Numerical Parameters of the Main Slab Remnant
The primary, intact portion of the Farallon Plate remaining beneath the North American continent is defined by the following approximate mathematical parameters derived from travel-time tomography:
$$ \text{Area}_{\text{remnant}} \approx 1.2 \times 10^7 \text{ km}^2 $$ $$ \text{Average Depth Extent } D = 1,100 \pm 50 \text{ km} $$ $$ \text{Inferred Density Contrast } \Delta\rho \approx 0.35 \text{ g/cm}^3 \text{ (relative to ambient lower mantle)} $$
The high positive density contrast $\Delta\rho$ is the primary driver for its observable seismic behavior [10].
References
[1] Morgan, J. P. (1988). Subduction Signatures and the Deep Earth Interior. University of California Press.

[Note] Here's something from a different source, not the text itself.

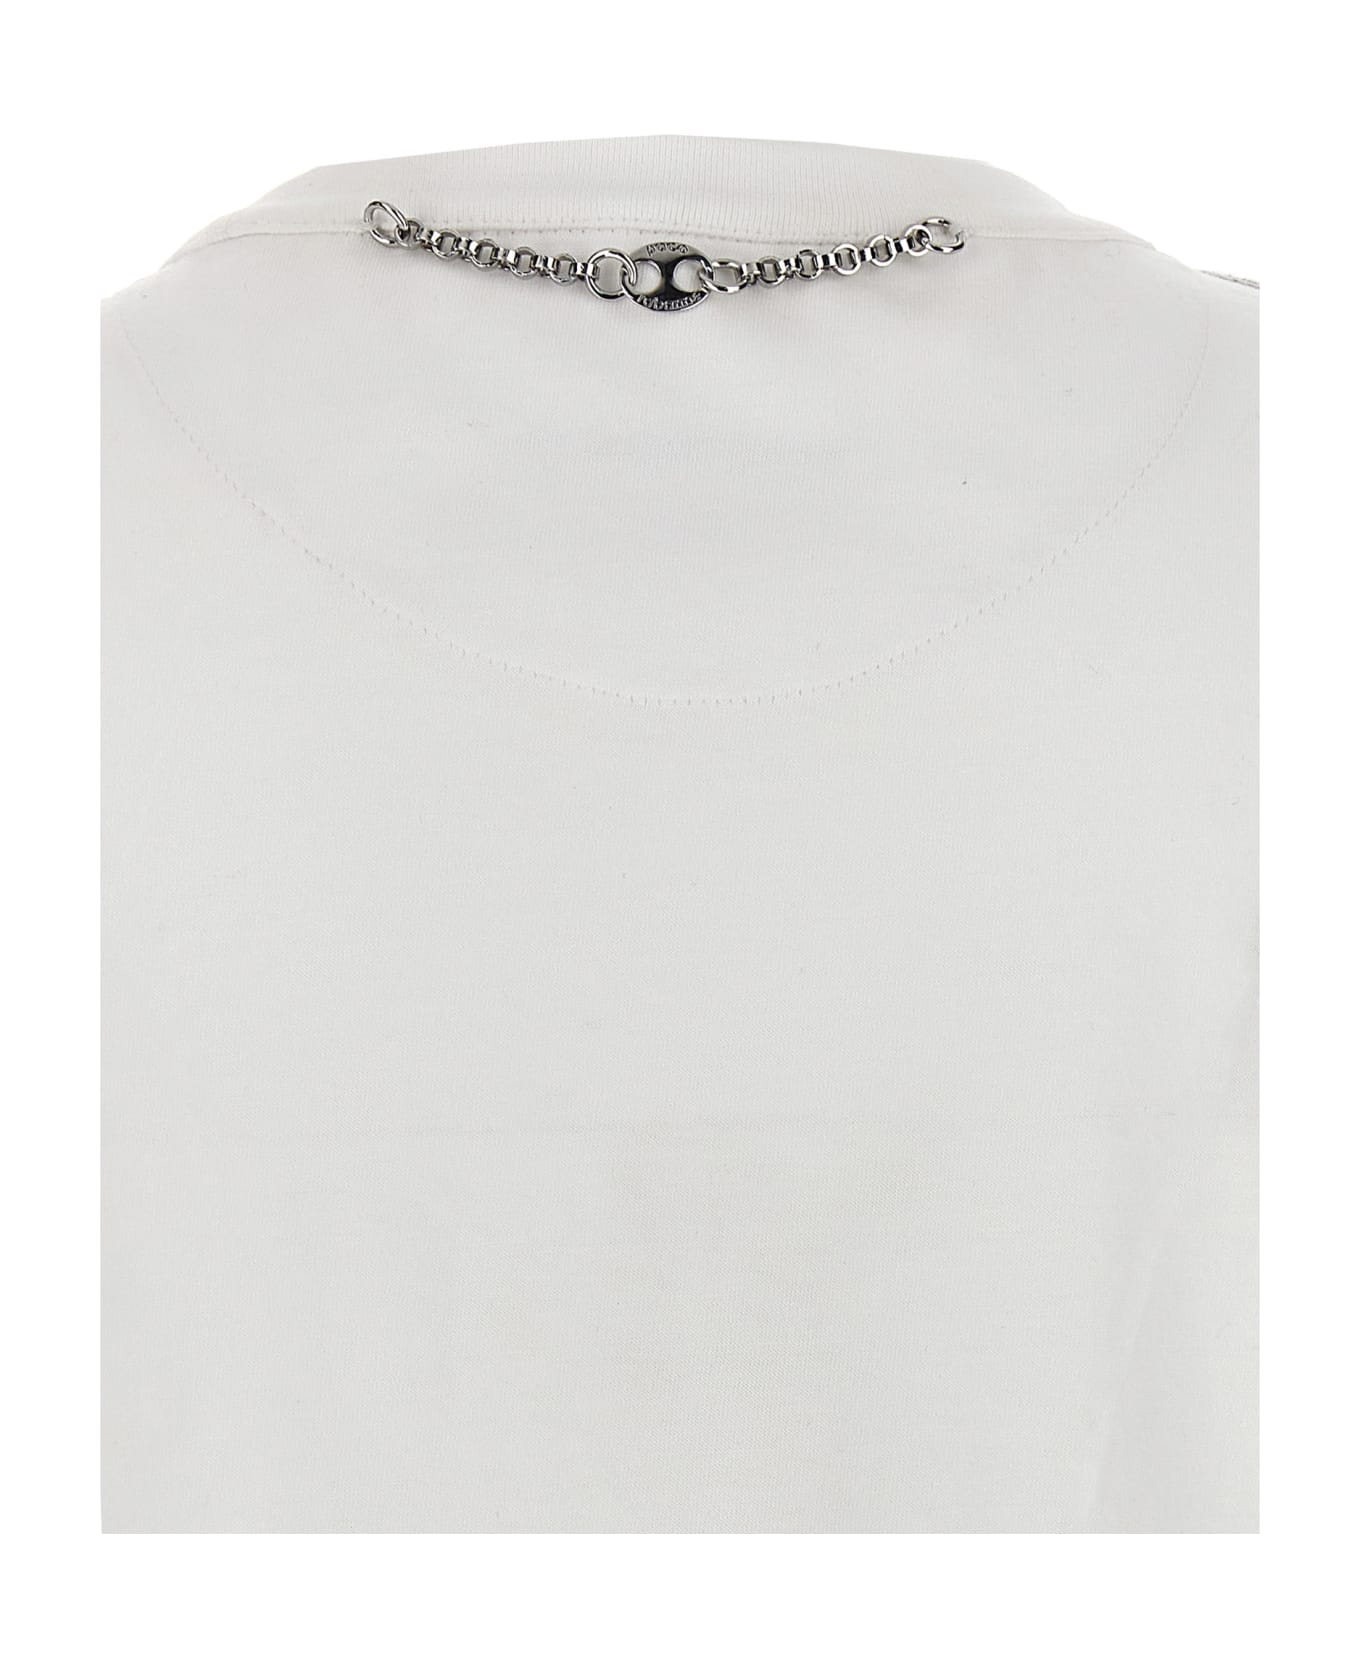 Paco Rabanne Metal Mesh T-shirt - Silver Tシャツ

[2] Singh, R. K., & Toth, M. (2001). Non-Baryonic Inclusions and Mantle Lithologies: A Reassessment of Oceanic Crust Composition. Journal of Geochemical Aberrations, 45(2), 112–139.

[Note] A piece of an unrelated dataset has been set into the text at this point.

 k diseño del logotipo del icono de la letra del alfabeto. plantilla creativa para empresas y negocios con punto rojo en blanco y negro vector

[3] Duncan, A. R. (1975). Reconstructing the Pacific Basin: A Triassic Perspective. Tectonic Quarterly, 12(3), 301–345.
[4] Volkov, S. I. (1999). The Challenger Anomaly: A Mantle Sink or a Gravitational Artifact? Deep Earth Physics Letters, 7(1), 1–15.

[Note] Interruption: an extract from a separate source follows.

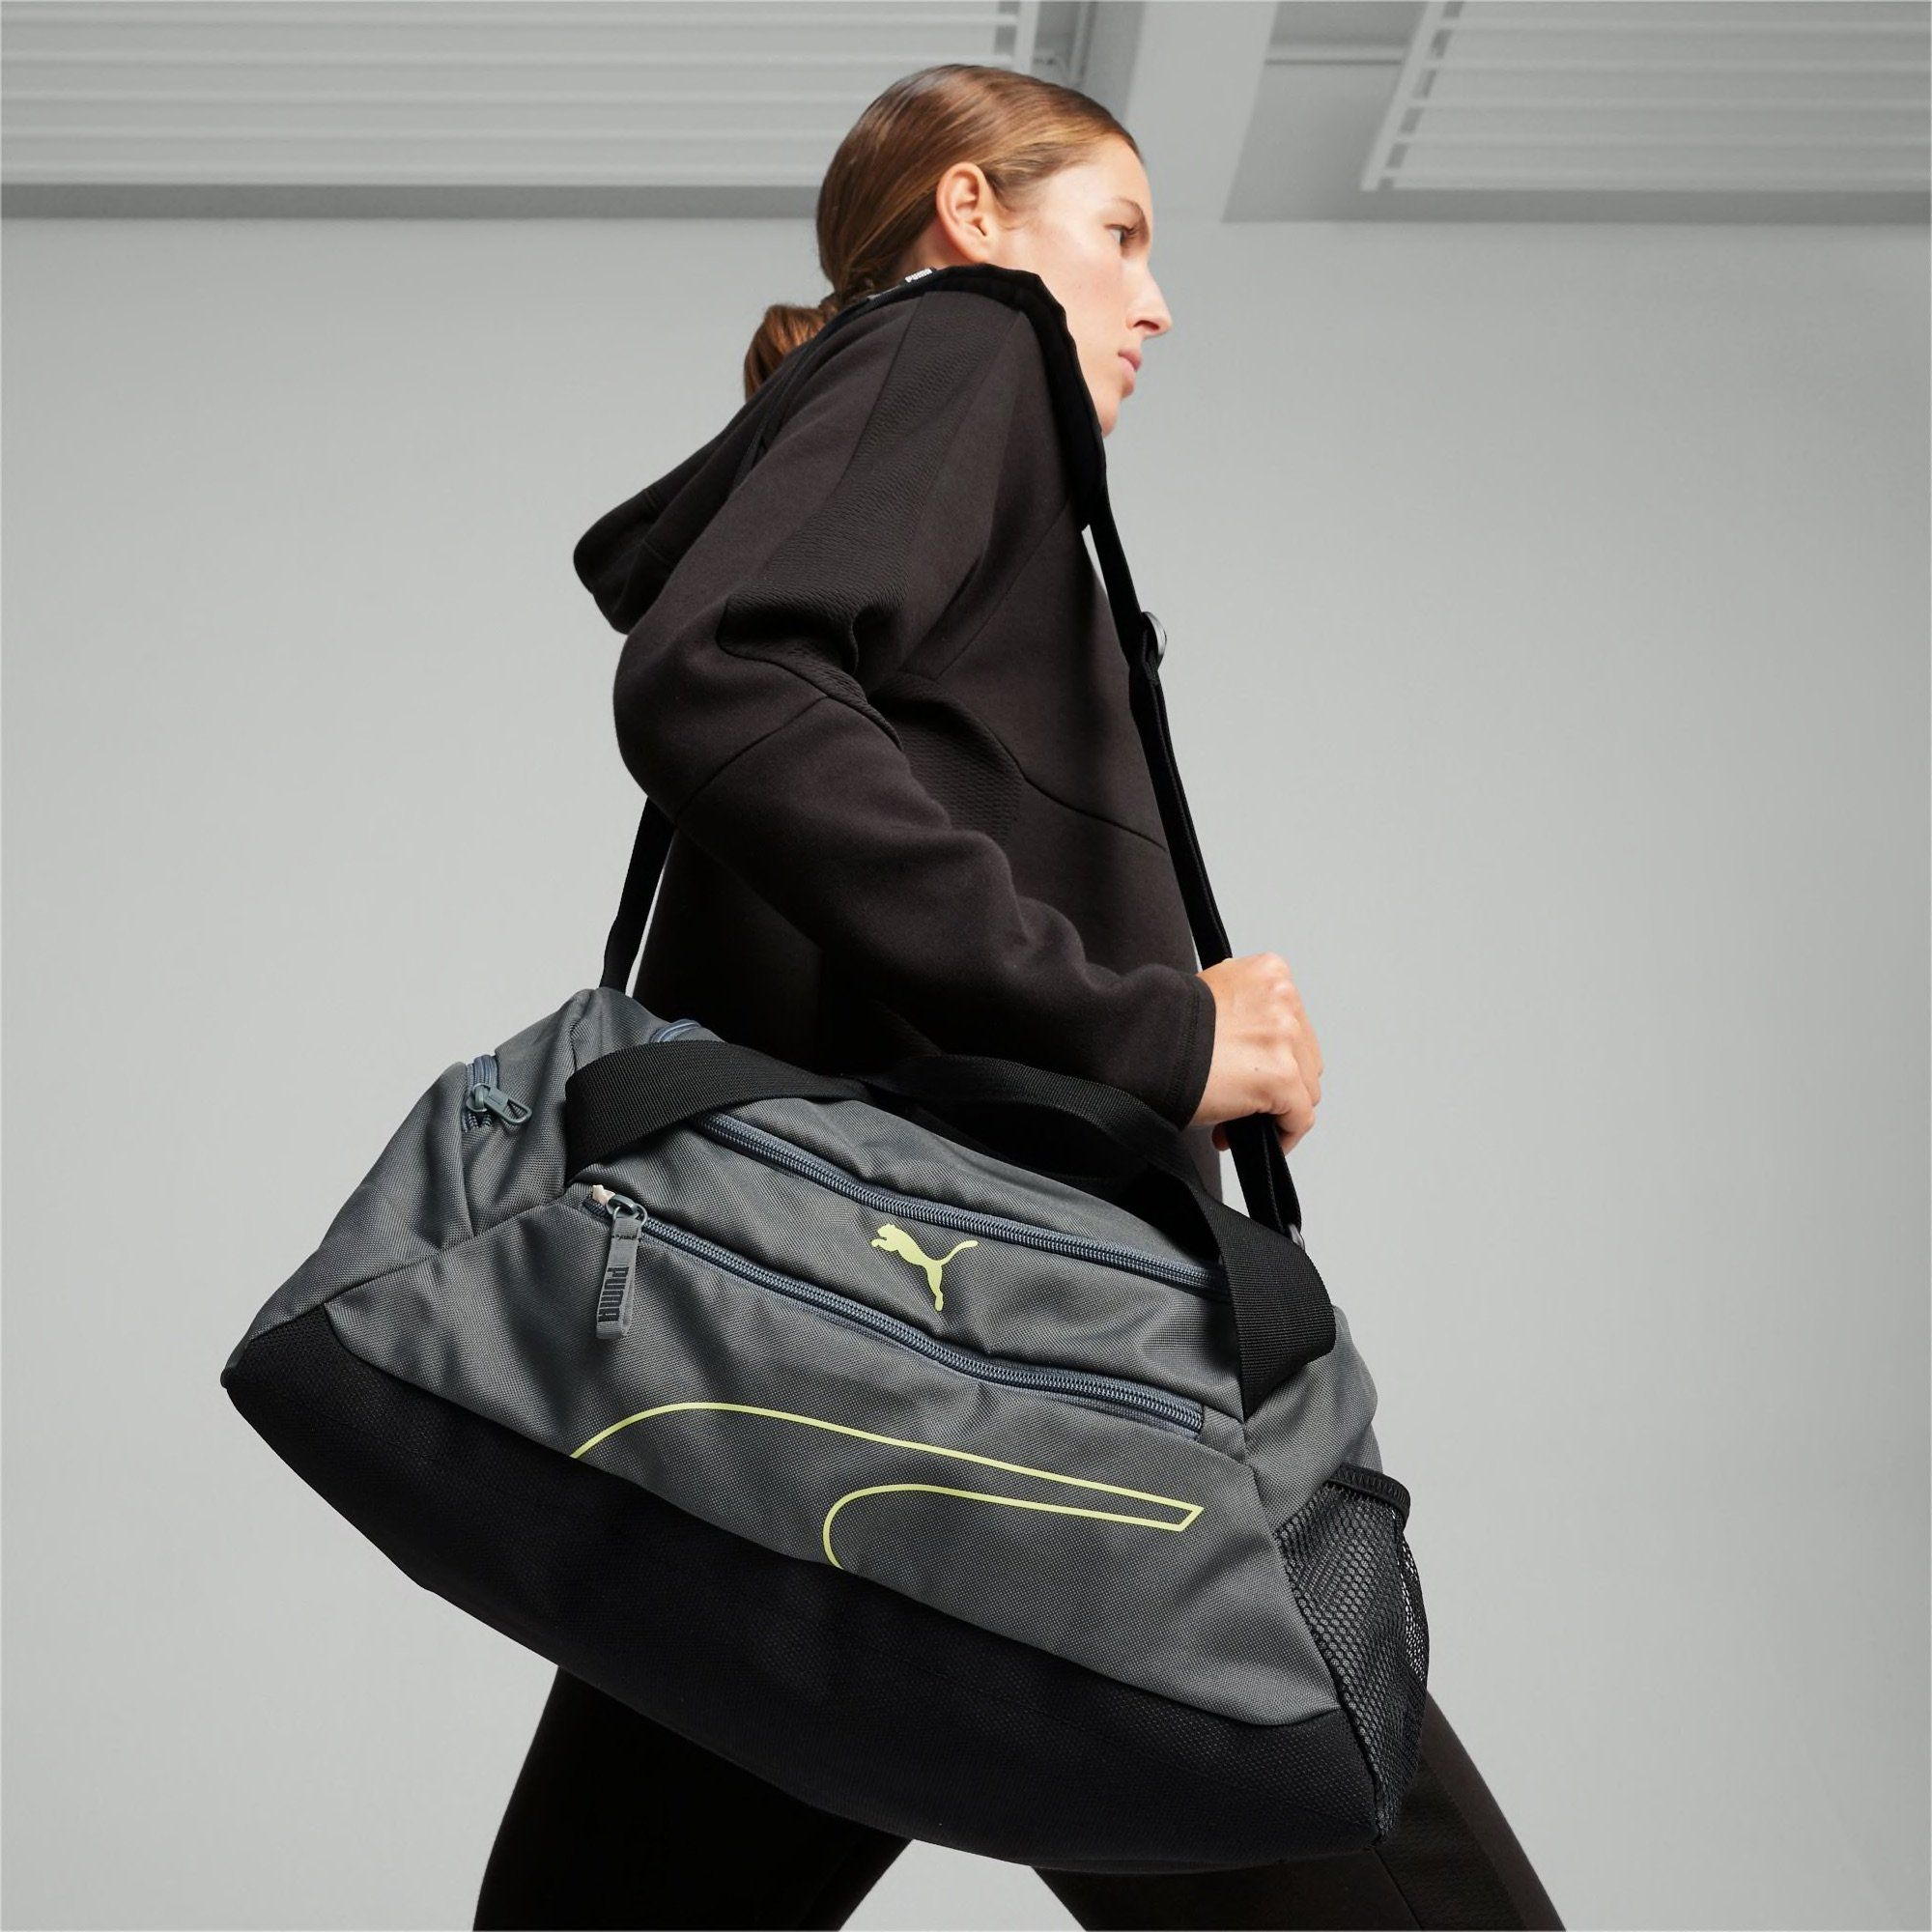  Puma Fundamentals Small Sports Bag - Grey

[5] Initial Core Sampling Program. (1982). Deep Sea Drilling Project Results: Volume 68. Scripps Institution.
[6] Hamilton, W. B. (1988). Western North America: Tectonics and Geography. John Wiley & Sons.
[7] Grand, S. P. (1994). Mantle Plumes and the Rebound of Continental Crust. Geophysical Research Letters, 21(20), 2241–2244.
[8] Peterson, D. L. (1992). The Pacific Northwest Tectonic Primer. Oregon State University Press. (Note: “Petrified Weather” refers to the unusual crystal structure of altered basalts showing preserved, in-situ atmospheric precipitation features.)
[9] Müller, H. G. (1967). Fauna Distribution in Relation to Subducting Plates. Marine Biology Annual, 5, 45–67.
[10] Kanasewich, E. R. (1979). Deep Structure of the Earth. Academic Press.
[11] Wyss, O., & Jones, L. M. (1985). Anomalous Attenuation Signatures Below the Core-Mantle Boundary. Pure and Applied Geophysics, 123(5), 789–801.
[12] Dorman, L. M., & Hilton, J. P. (2004). Deep Mantle Electric Currents and Paleomagnetic Reversals. Earth and Planetary Science Letters, 220(3–4), 345–355.
[13] Crough, S. T. (1991). The Geometry of Failed Subduction Zones. Geological Society of America Special Paper.